[[ Records provided, beginning ]]

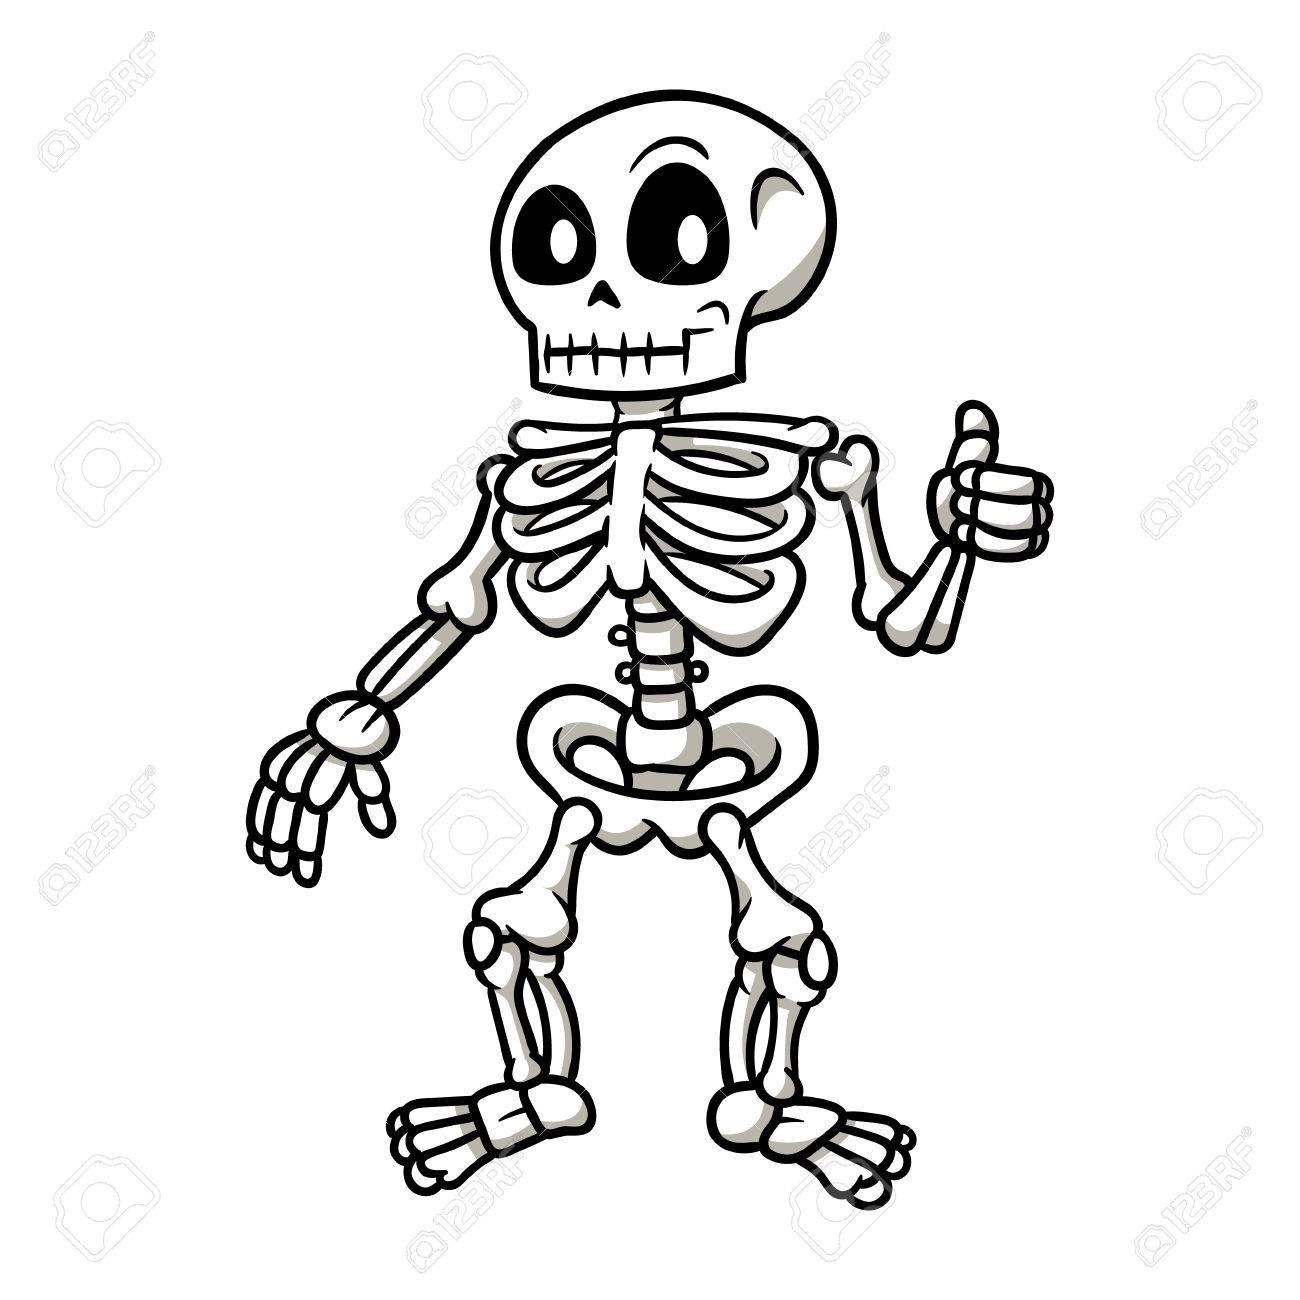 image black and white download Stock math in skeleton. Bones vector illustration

[[ Records provided, end ]]
[[ Records provided, beginning ]]

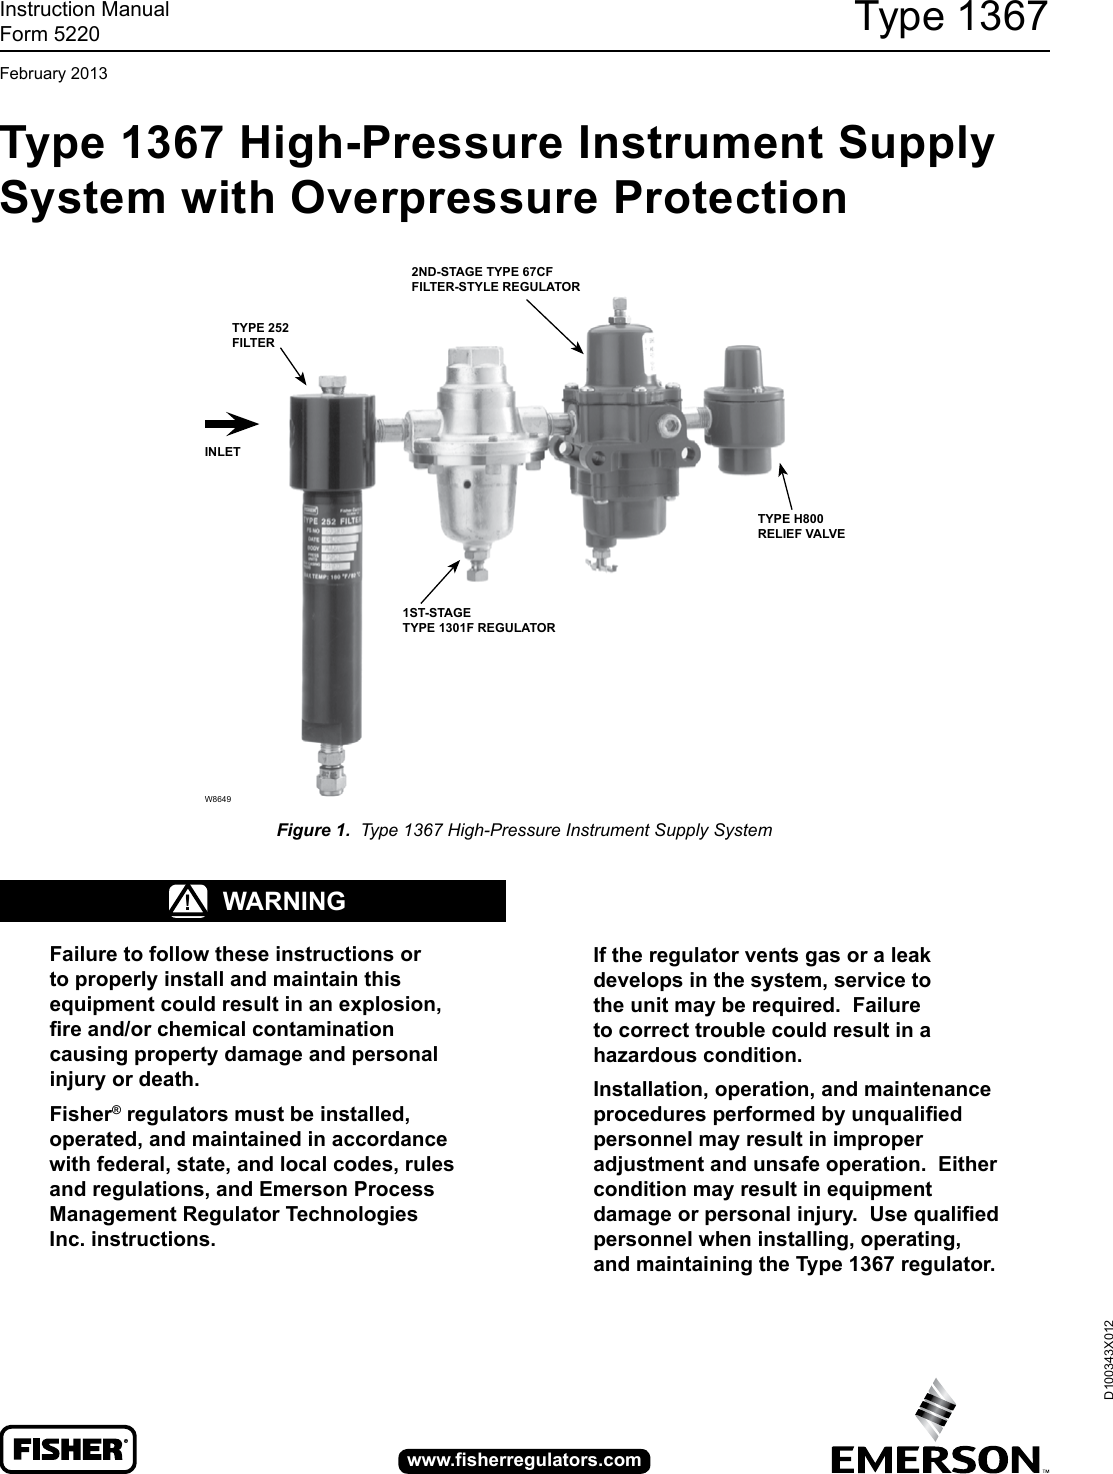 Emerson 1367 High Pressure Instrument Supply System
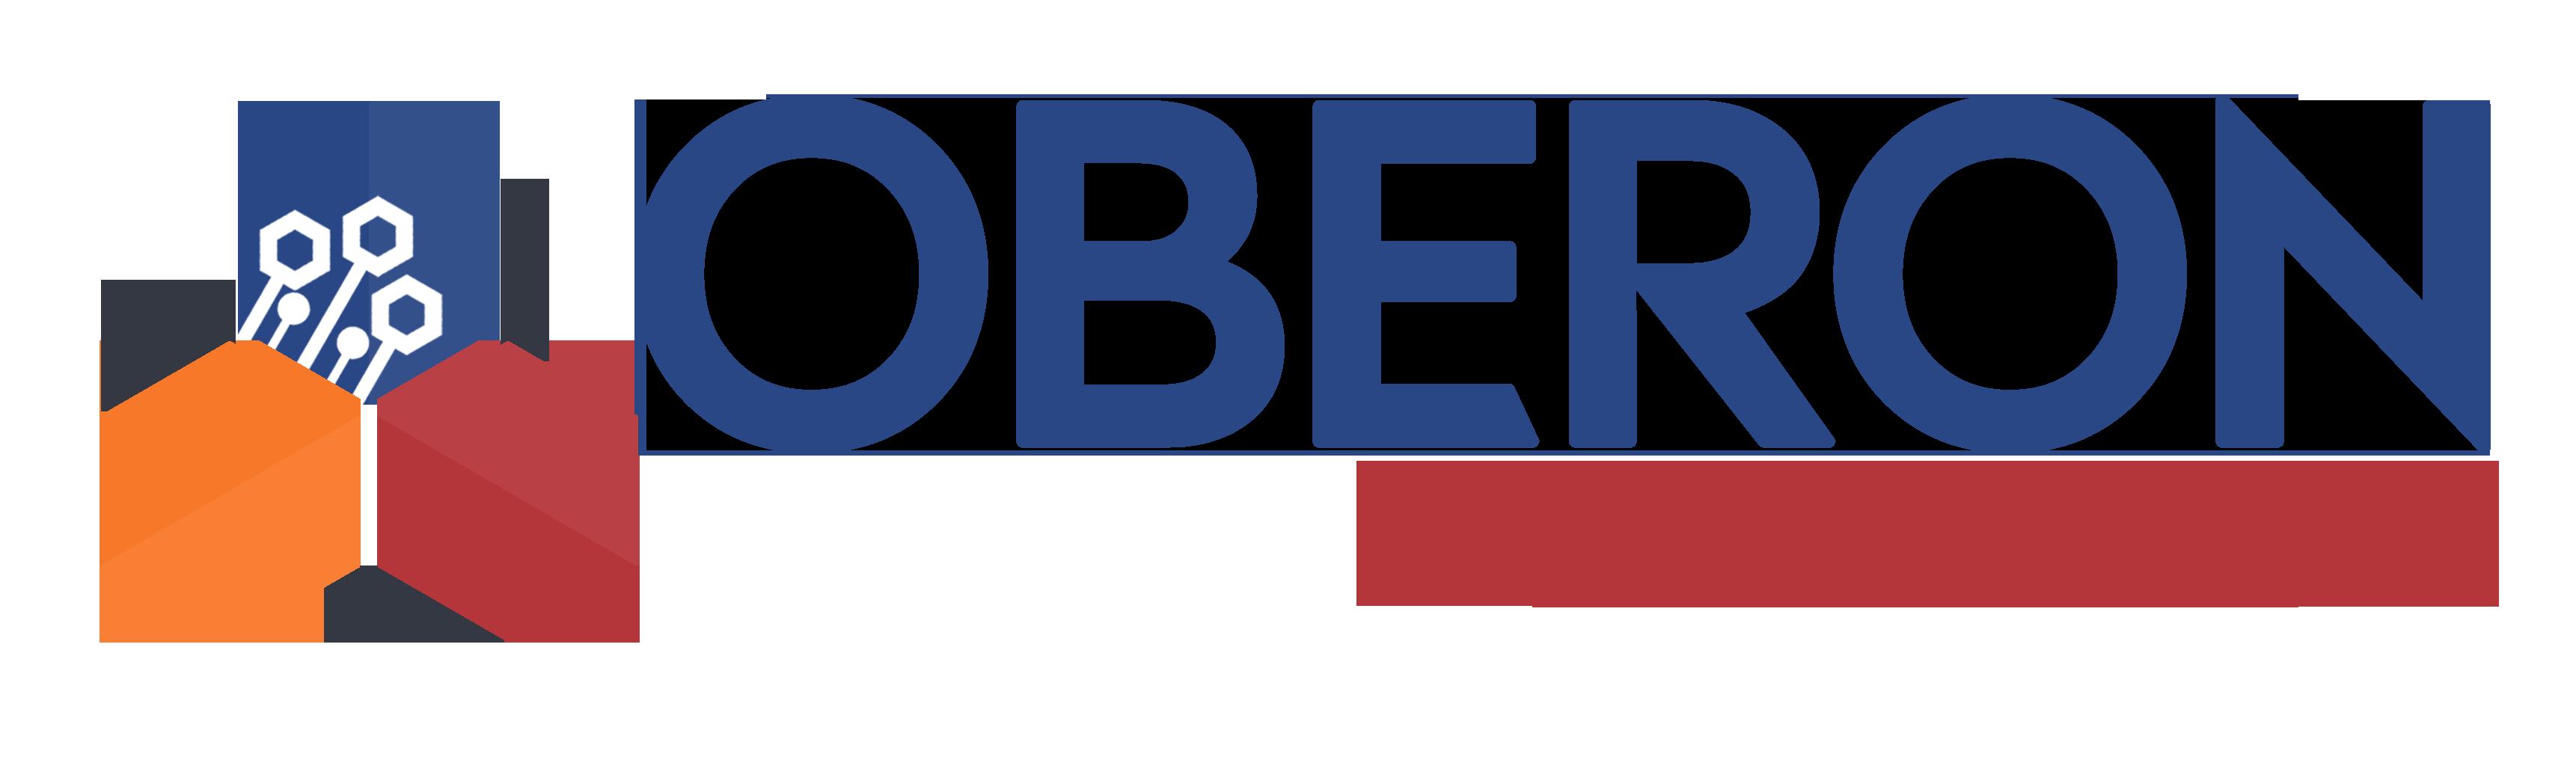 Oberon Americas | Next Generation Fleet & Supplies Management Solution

[[ Records provided, end ]]
[[ Records provided, beginning ]]

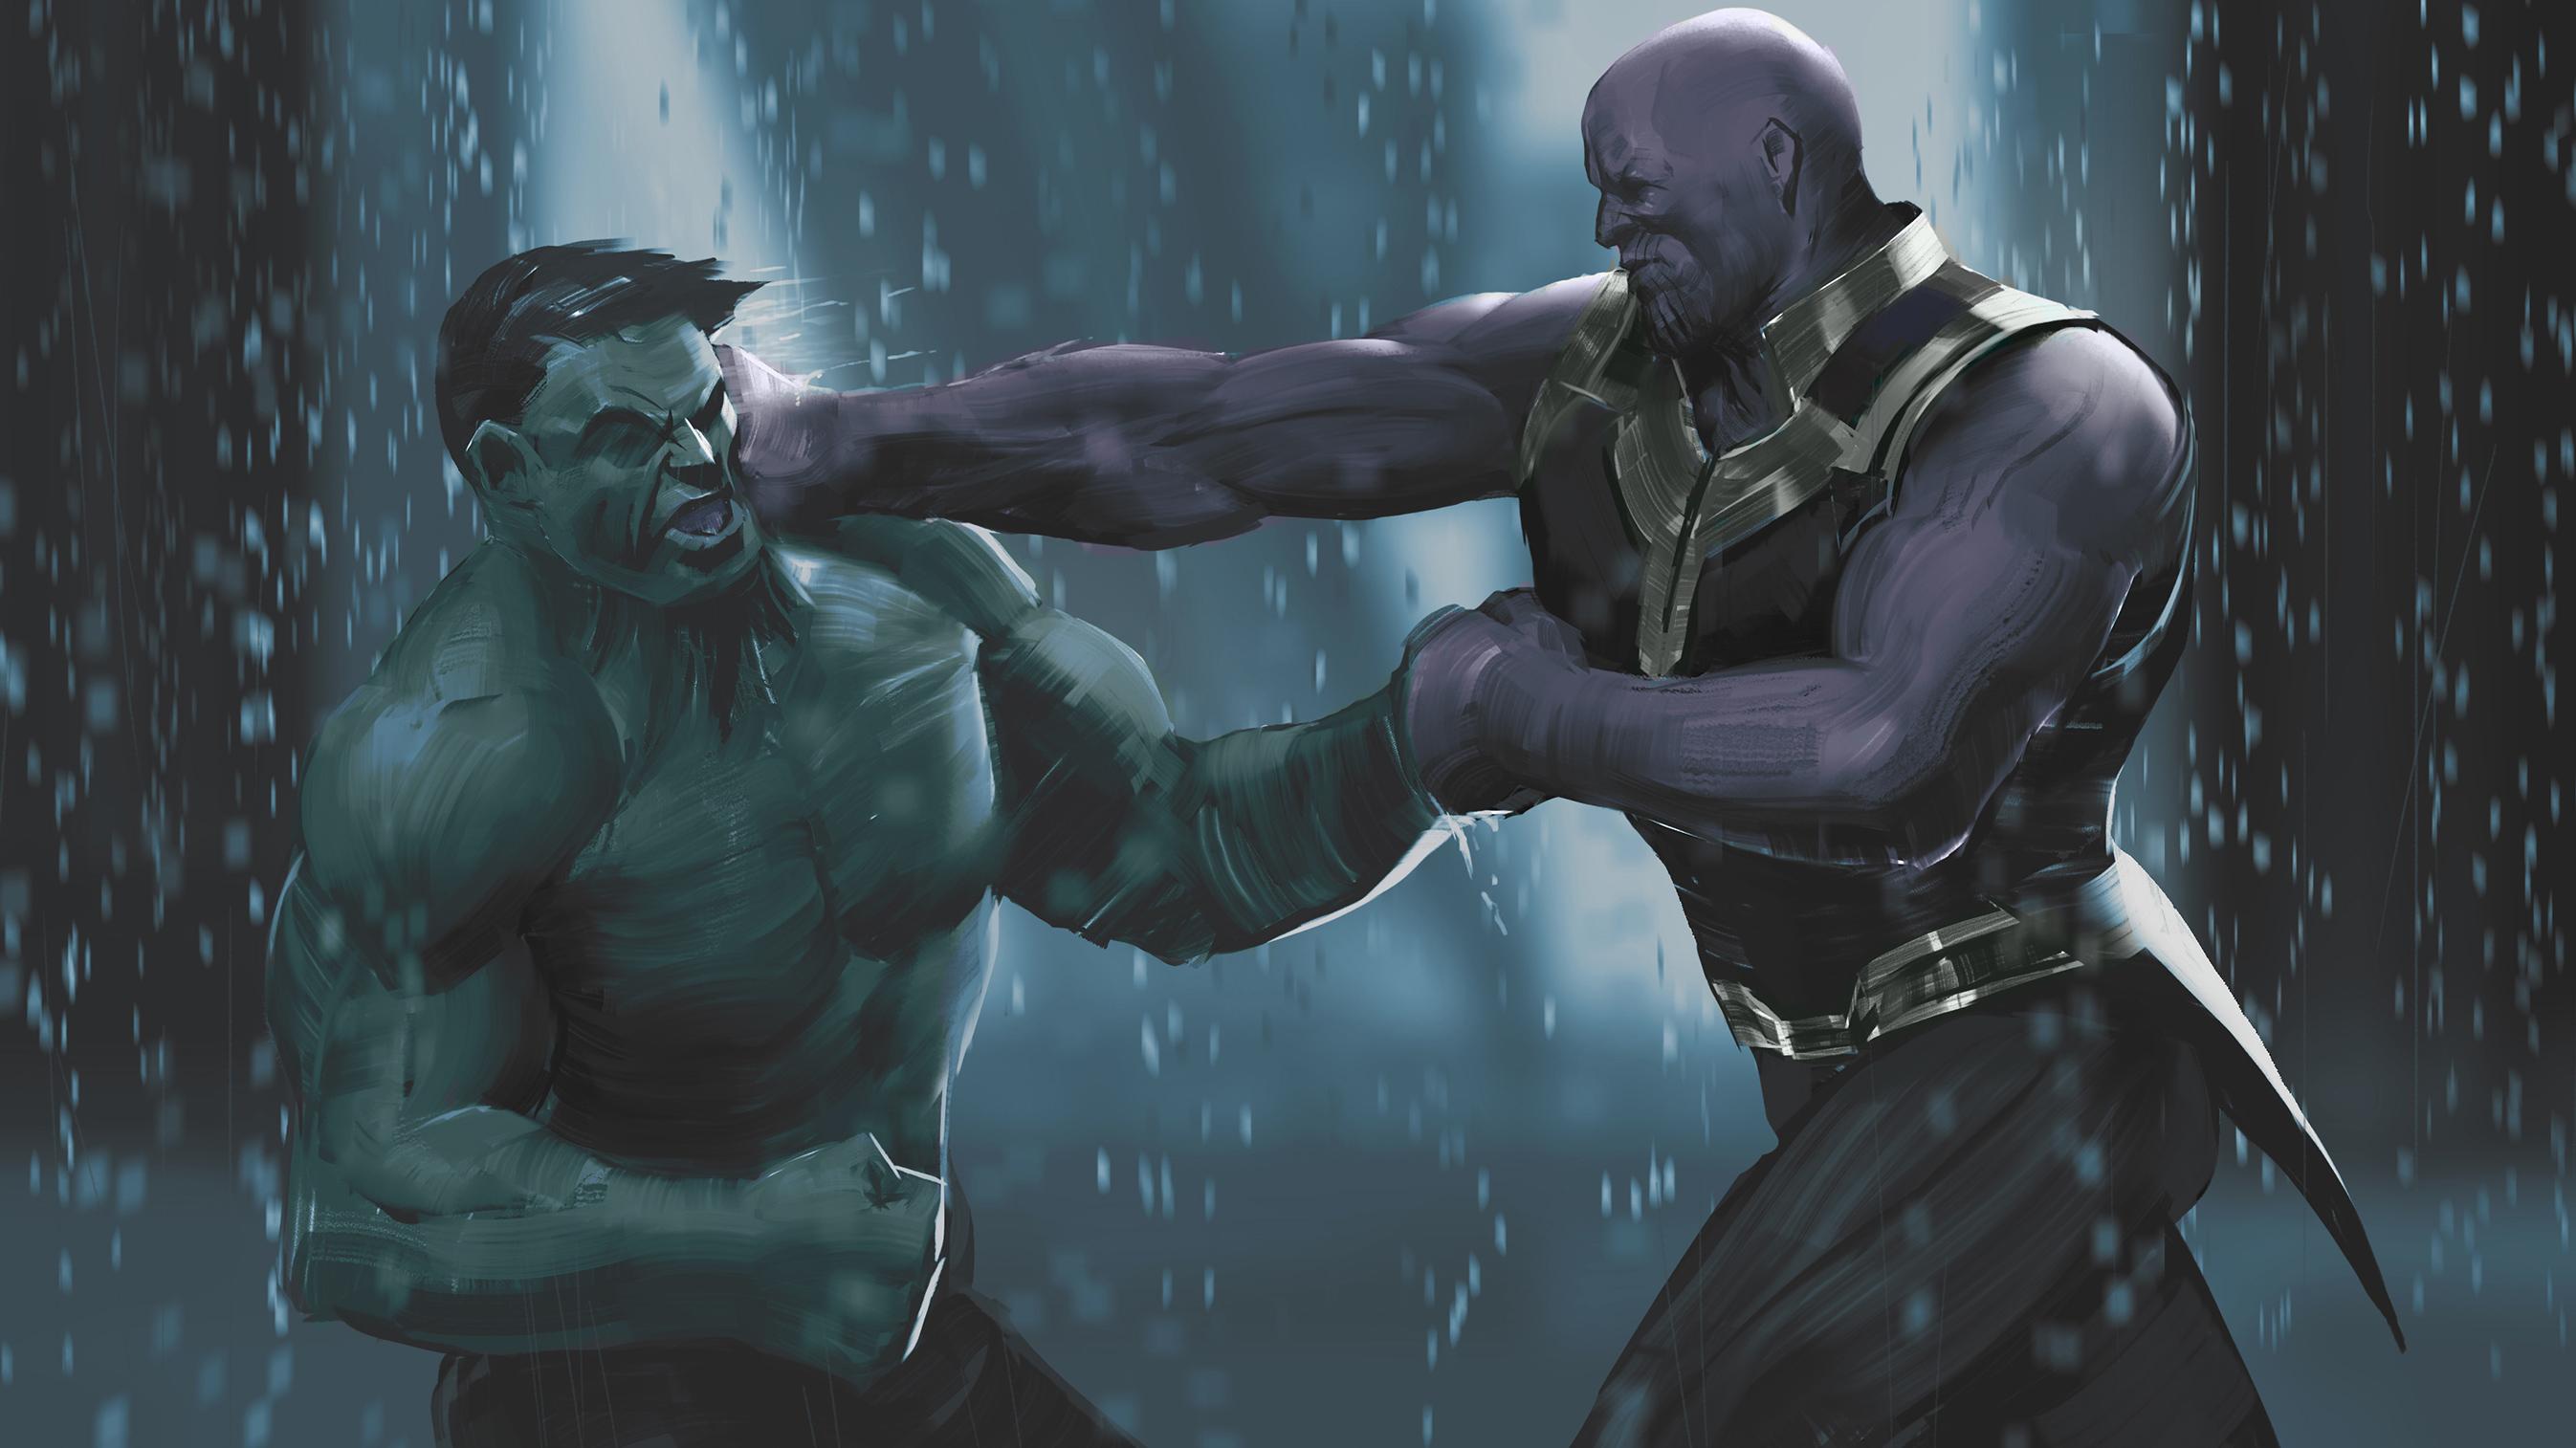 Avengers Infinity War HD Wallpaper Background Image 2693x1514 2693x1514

[[ Records provided, end ]]

Could you transcribe exactly the entries above, but only the lines from the one with "Emerson 1367 High" through the one with "Oberon Americas |", and without pictures?

 Emerson 1367 High Pressure Instrument Supply System
 Oberon Americas | Next Generation Fleet & Supplies Management Solution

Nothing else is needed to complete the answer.